В нескольких словах я рассказал ему об этом. А потом спросил, как ему удалось так быстро внушить Диане Акстон, что он работает на нацистов.
— Вы знаете их условный пароль? — спросил Периго.
— Нет. Правда, мне известны некоторые их прежние знаки, — сказал я. — Но я вовсе не собирался притворяться, что я в курсе. Я всего лишь недовольный канадец, которому решительно наплевать на войну, которого легко можно купить или, — тут я ухмыльнулся, — соблазнить.

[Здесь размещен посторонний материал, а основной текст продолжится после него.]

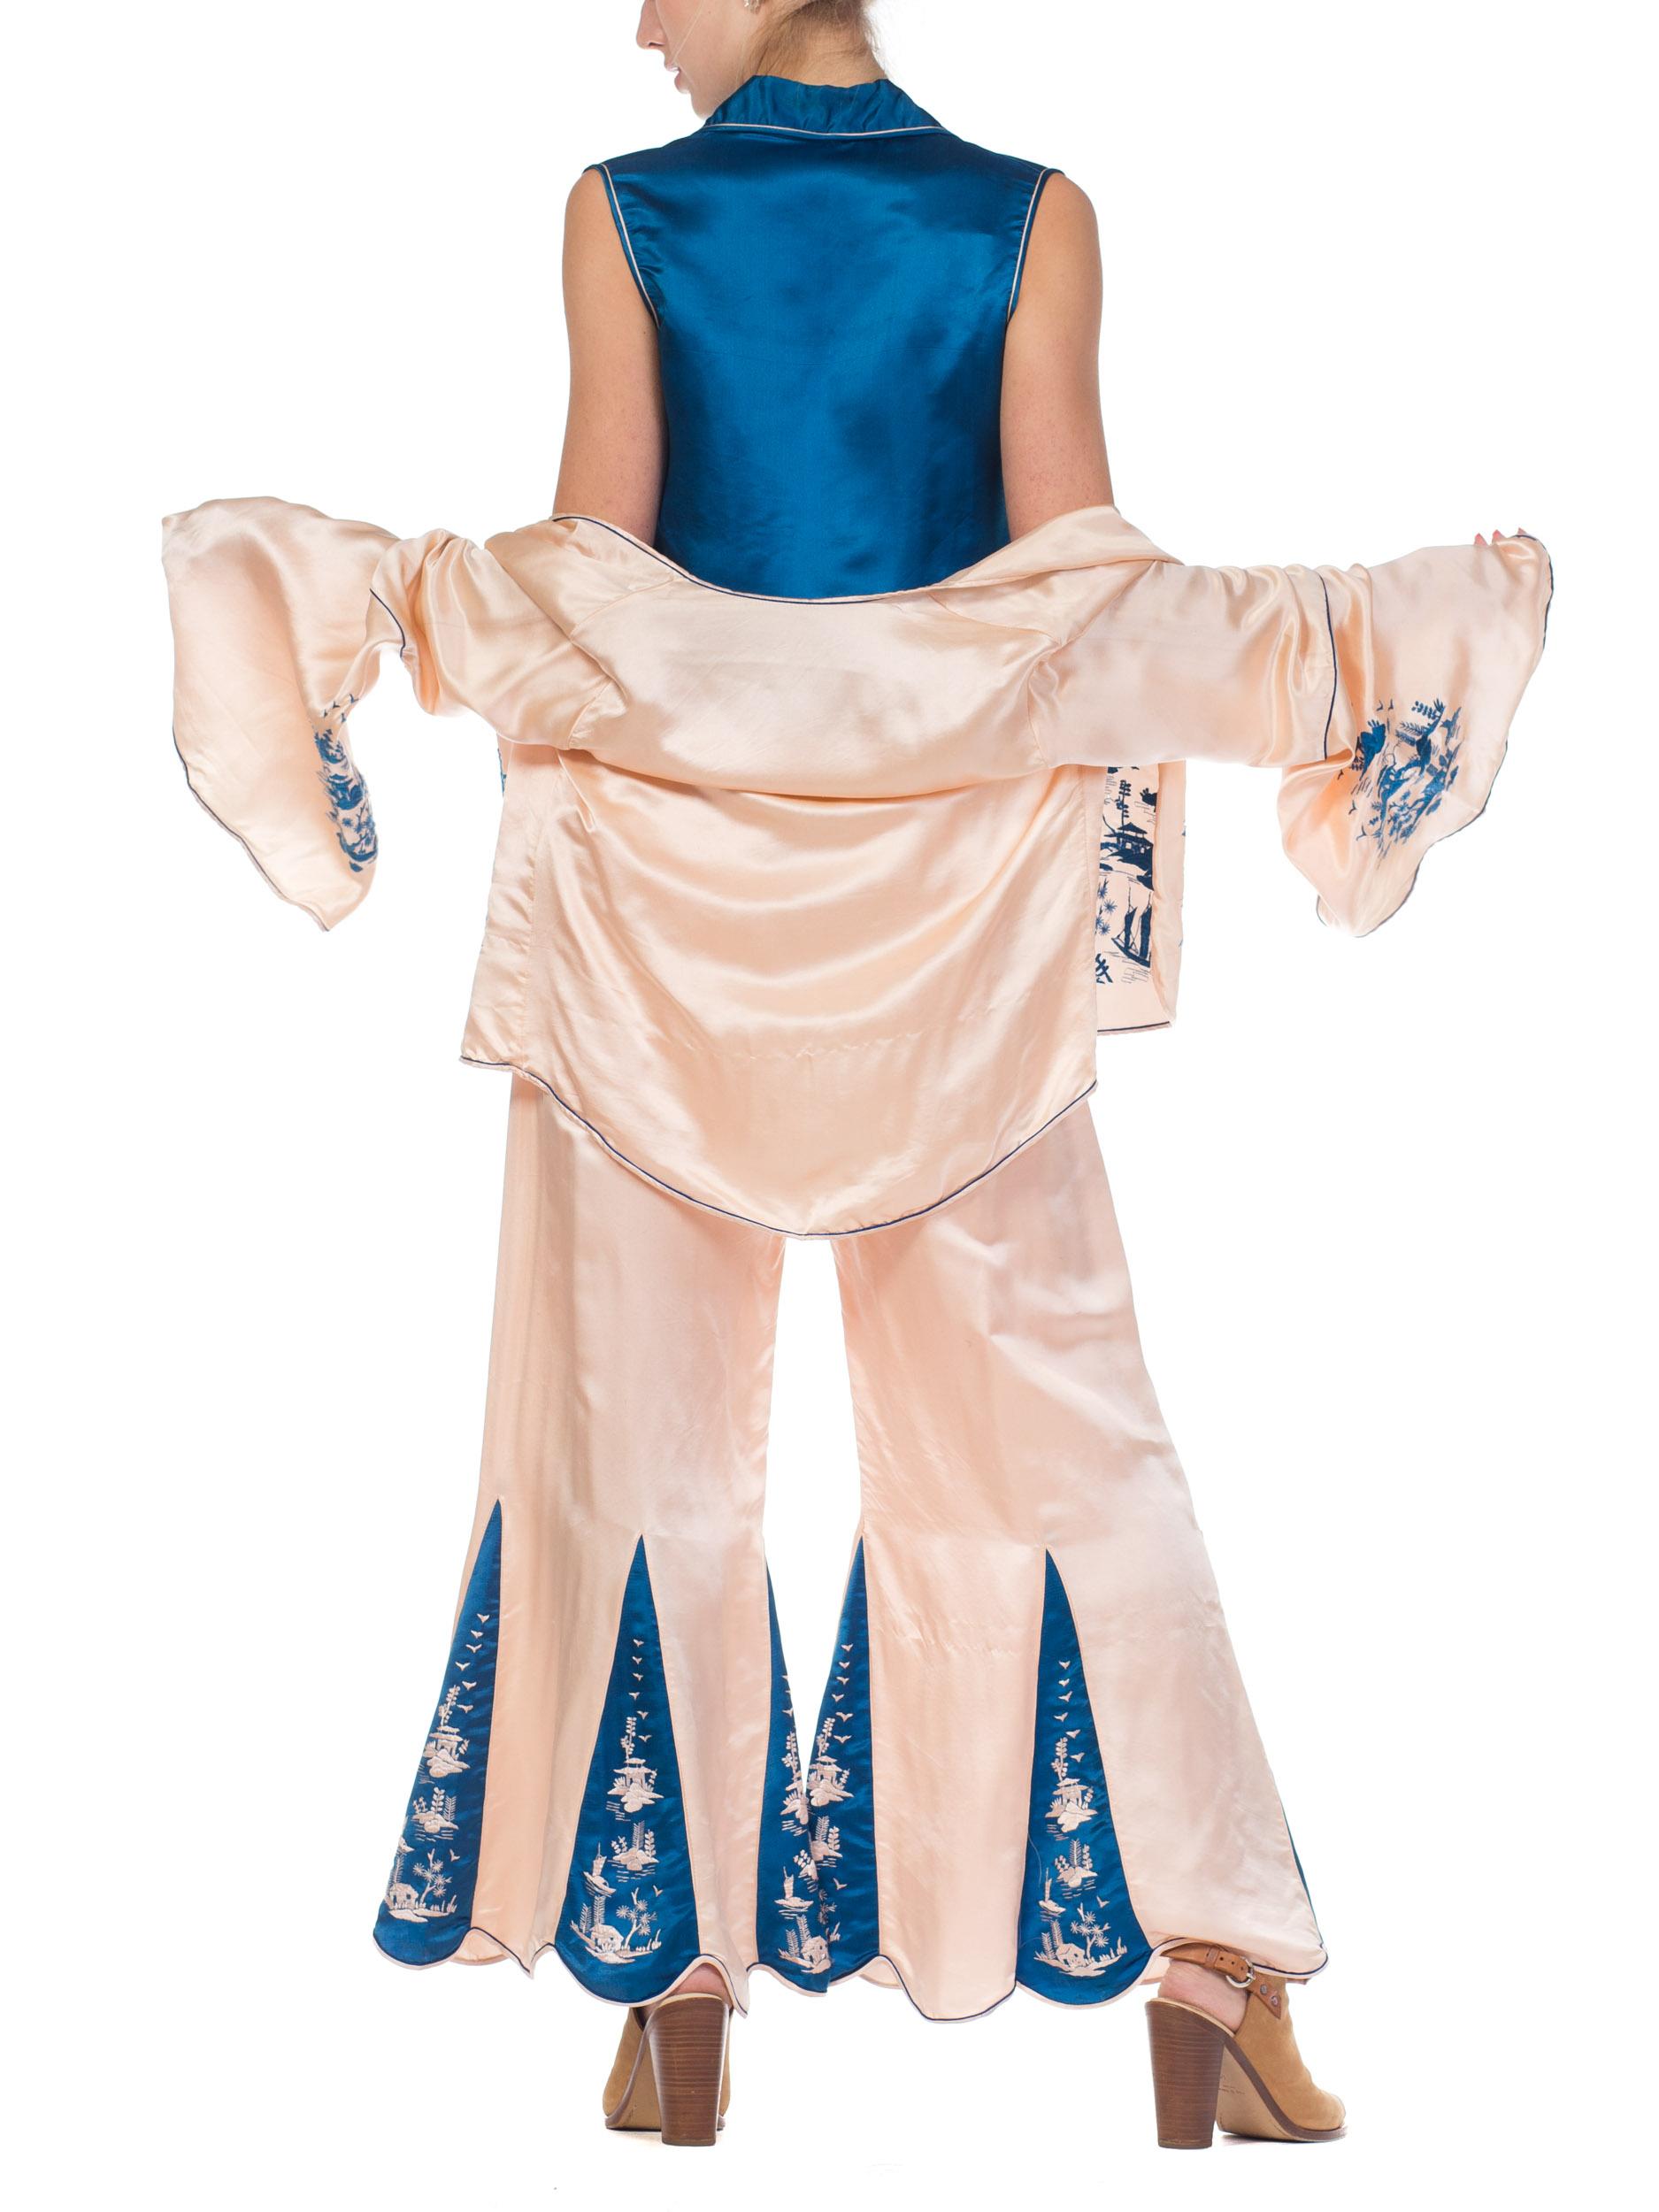 1920s 3 Piece Blue and Cream Chinese Beach Pajamas With Hand Embroidery 12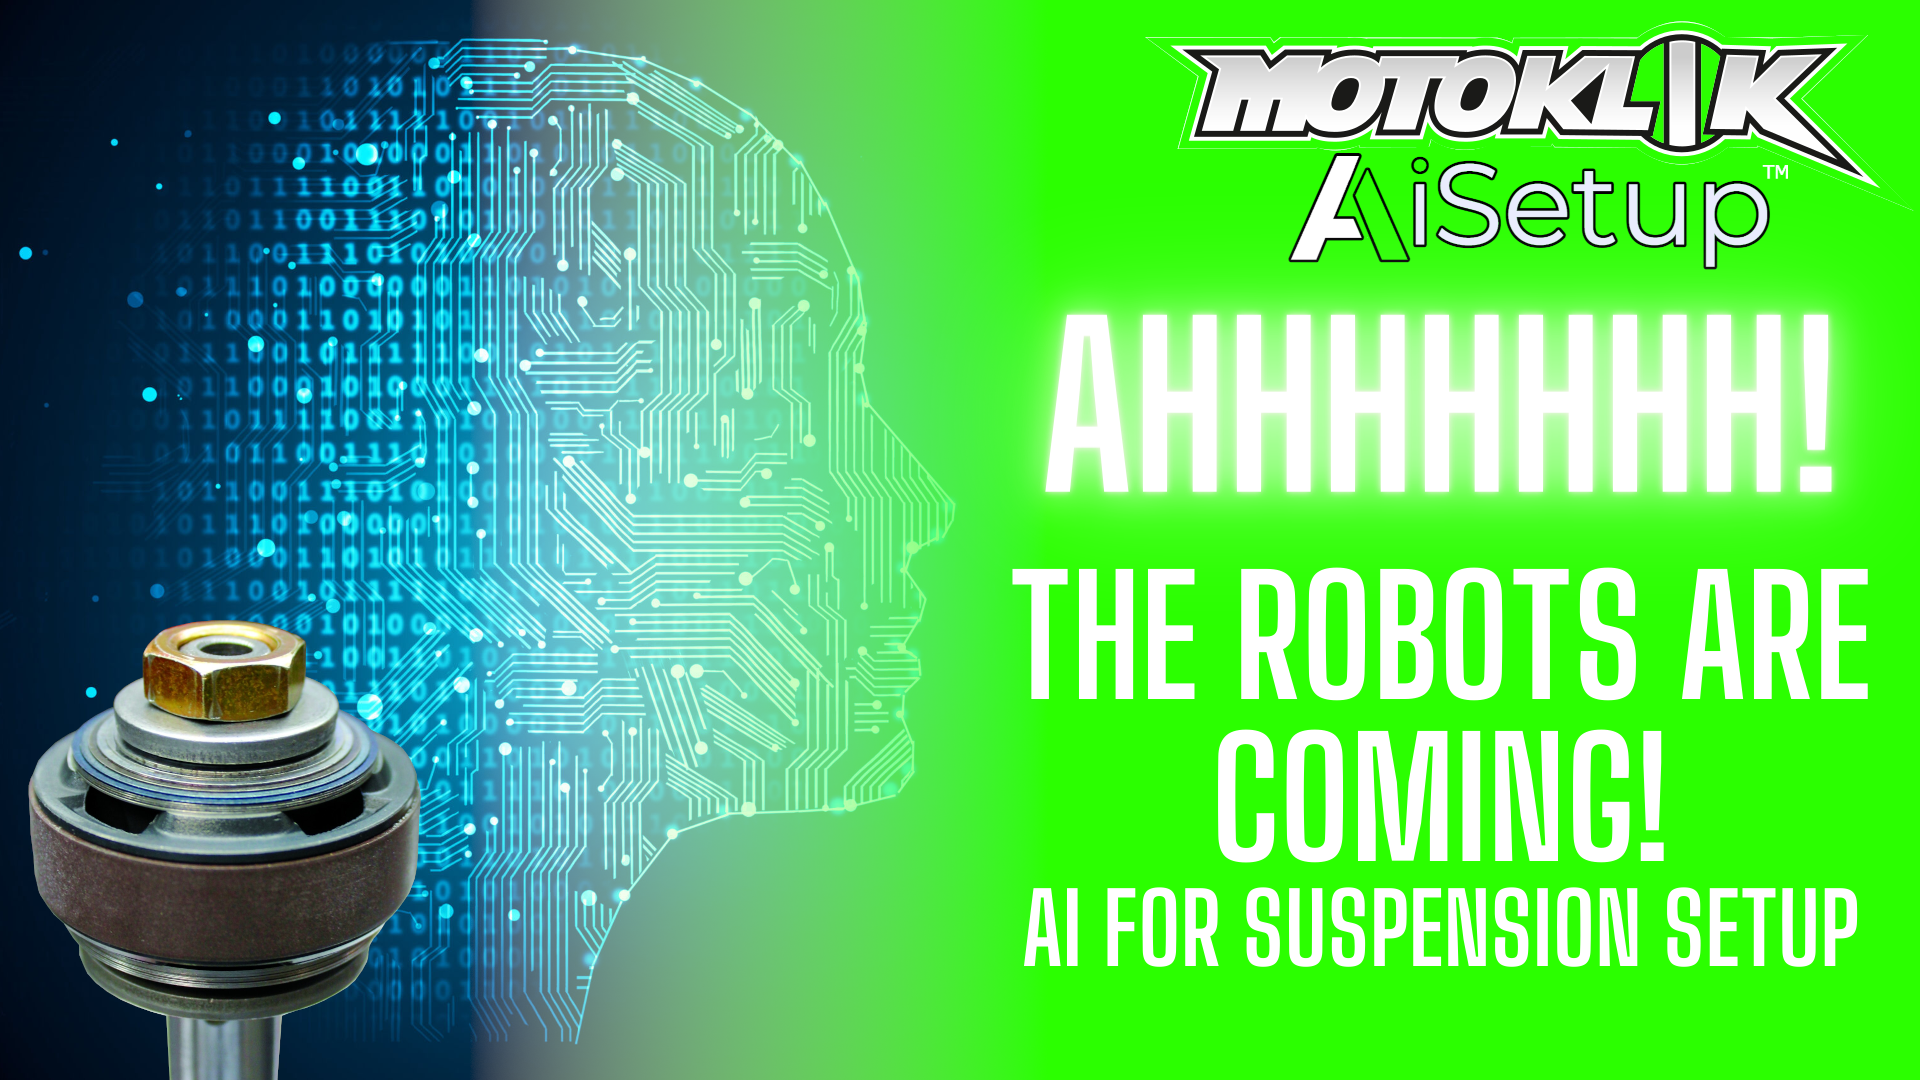 Ahhhh the robots are coming! AI for Suspension Setup

— Я тоже прибегал к этому приёму, как вы сами видели, хотя вряд ли я заманчивая жертва для соблазнительницы, — сказал он, — поэтому-то я и воспользовался приманкой, которую нацисты превосходно понимают. Поверьте, Ниланд, мне никогда не было свойственно употреблять румяна, шепелявить — одним словом, разыгрывать из себя старого фата. Сегодня утром, когда я был в Лондоне, мне сообщили их новые знак и пароль. Сейчас я вам покажу. Я предполагал, что они давно уже изменены. Это сильно тормозило работу.
Он положил на мою руку пальцы своей правой руки, большой и указательный, и они образовали букву V.
— Вот. Потом вы говорите: “Это “V” означает “Victory” — победу, и не с маленькой буквы, а с большой”. Это пароль. Ясно? После этого второй великий хитрец кладёт указательный палец своей другой руки поперёк этих двух пальцев и “V” превращается в опрокинутое “А”. Тогда он изрекает: “Прекрасно. Я это запомню”. Ну, что скажете? Гениально придумано, а? Господи, в каком идиотском мире мы живём! И подумать только, что миллионы жизней зависят от подобных штучек. Да, ничего не поделаешь. Советую вам прорепетировать, Ниланд. Это вам может скоро пригодиться.
Я “прорепетировал”, он похвалил меня и продолжал:
— Мне хотелось поймать на эту удочку вашу Акстон, потому что я уже некоторое время подозреваю её и к тому же она, кажется, довольно глупа. Я хотел увидеться с ней сегодня вечером. Но когда я узнал, что вы вместе обедаете, то попросил одного командира эскадрильи, который знает, кто я на самом деле, организовать позднюю вечеринку и пригласить её. Там-то я и проверил на ней этот новый знак. Она была сражена и настояла, чтобы я заехал и взглянул на вас — ещё одного завербованного ею человека. Я, конечно, не был уверен, что вы из наших, как, впрочем, и вы сами в отношении меня. Скажите, Ниланд, как вам удалось так быстро угадать в ней шпионку?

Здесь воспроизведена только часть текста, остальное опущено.